Pictures stay out of the copy. Retype exactly the lines below from the one with "Property for Sale" through the one with "Chanel Empty Boxes".

* **Given data**
/---

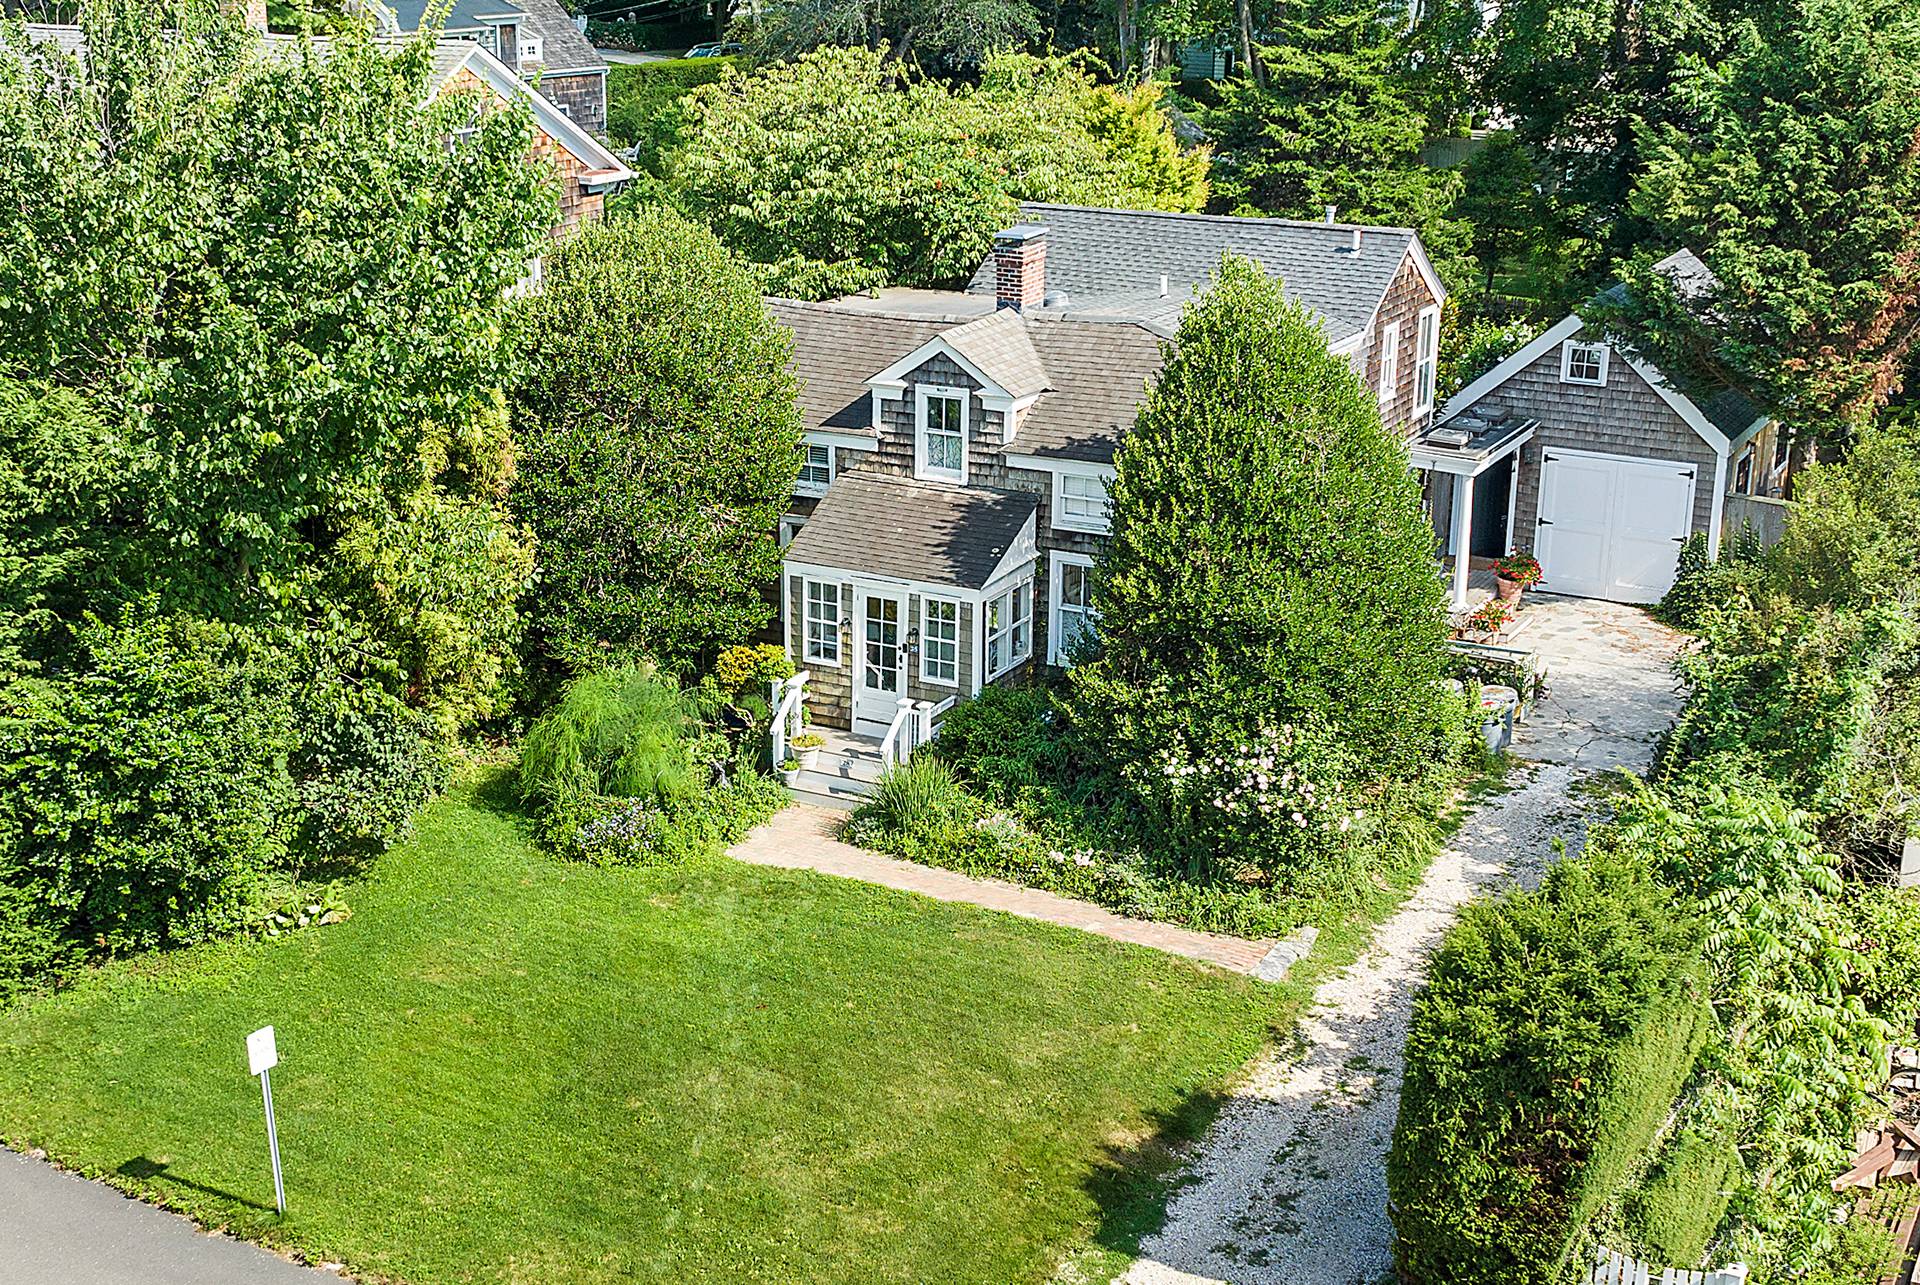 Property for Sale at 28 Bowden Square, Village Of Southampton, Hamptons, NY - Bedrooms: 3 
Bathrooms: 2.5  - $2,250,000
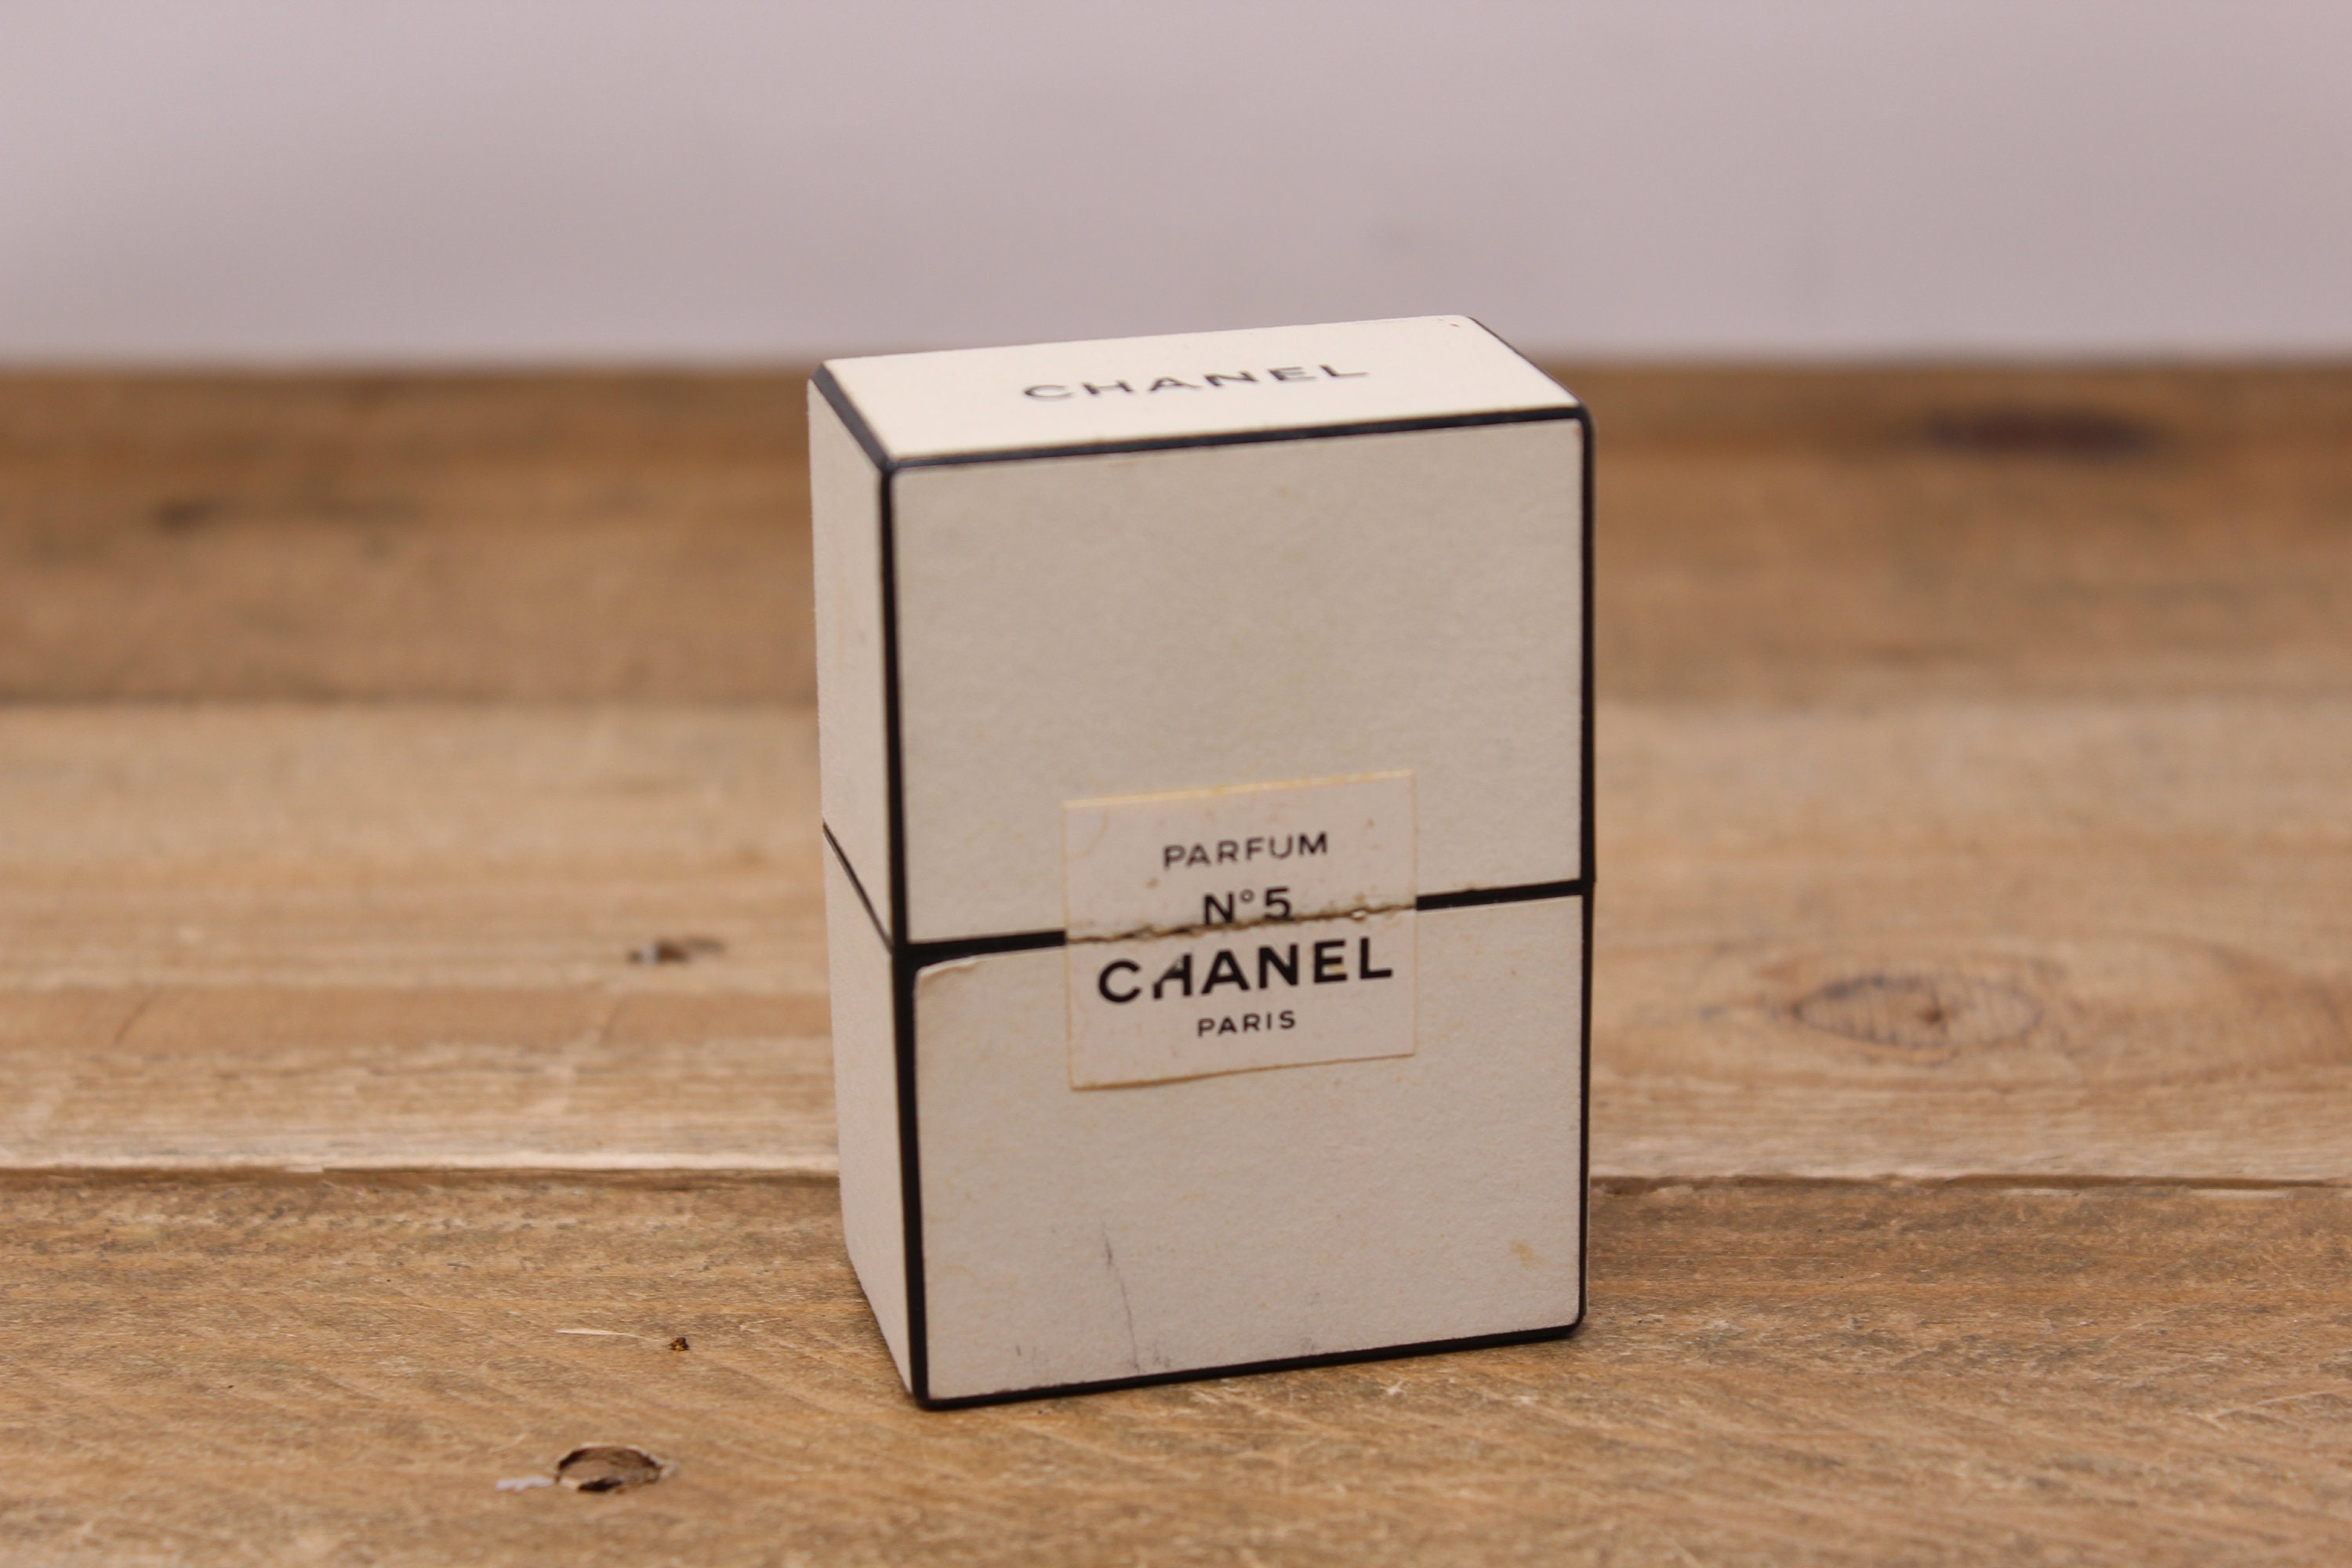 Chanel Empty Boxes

\---
/---

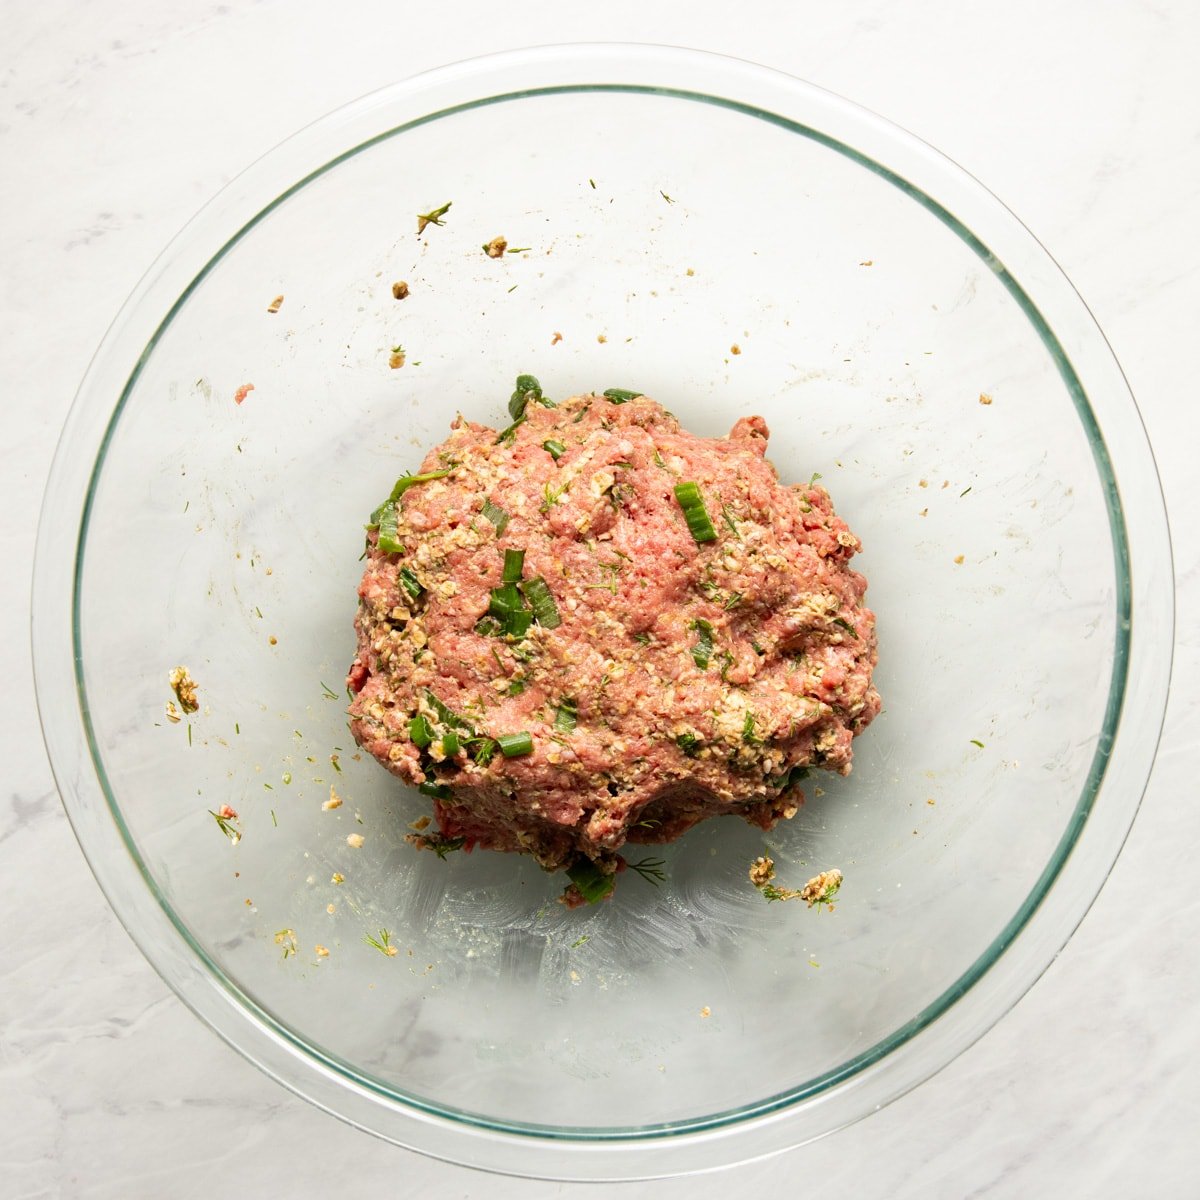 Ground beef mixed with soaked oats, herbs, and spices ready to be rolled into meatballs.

\---
/---

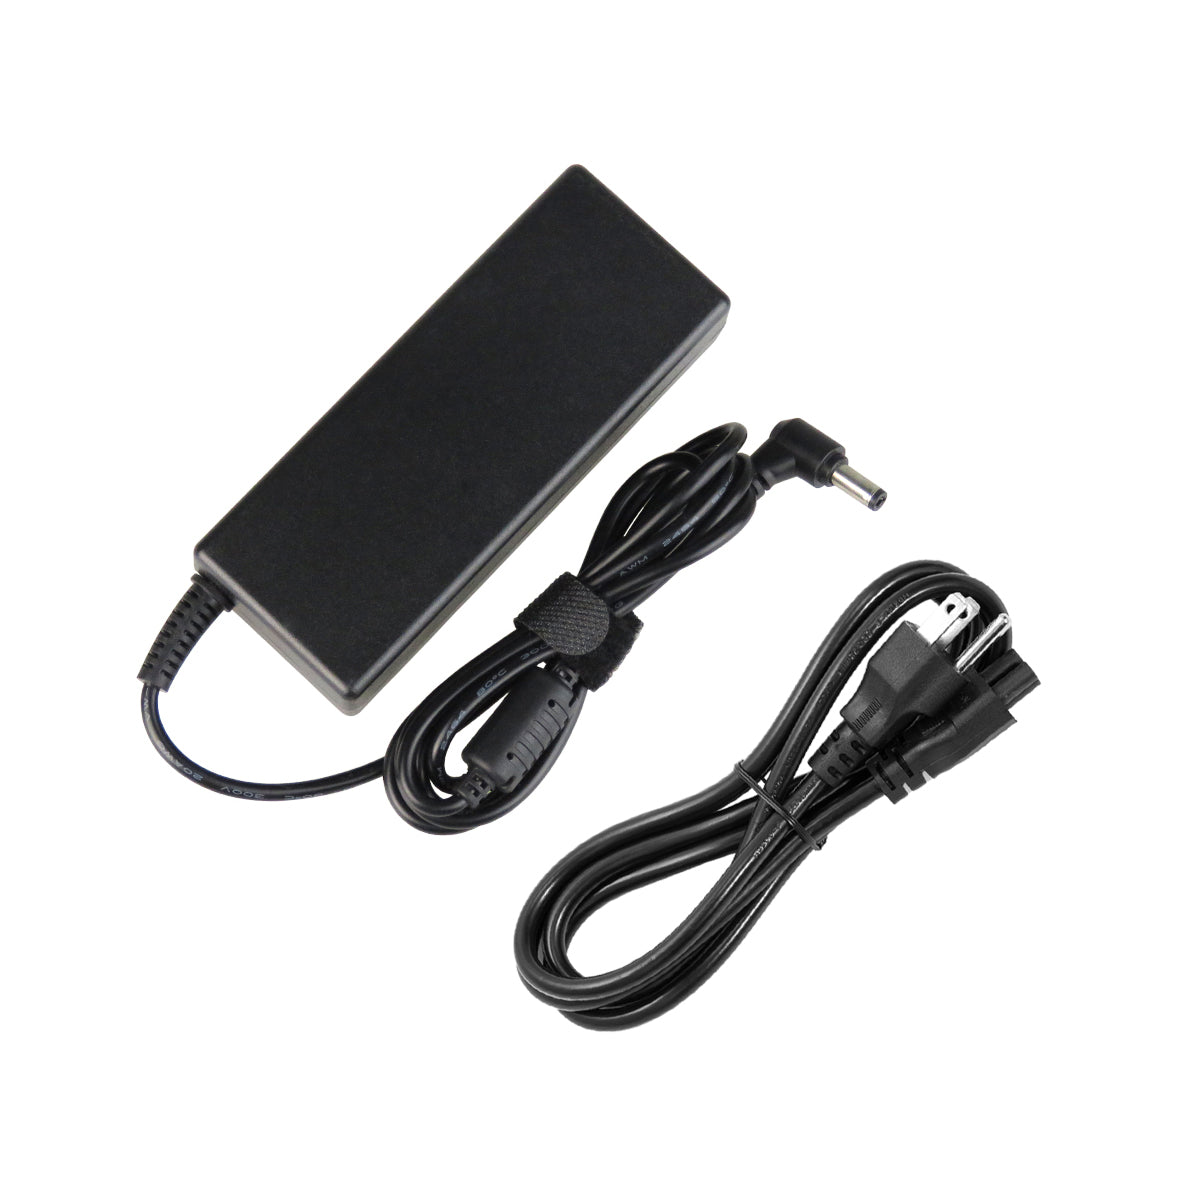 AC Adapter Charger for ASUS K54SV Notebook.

\---

* **Output of the task**
 Property for Sale at 28 Bowden Square, Village Of Southampton, Hamptons, NY - Bedrooms: 3 
Bathrooms: 2.5  - $2,250,000
 Chanel Empty Boxes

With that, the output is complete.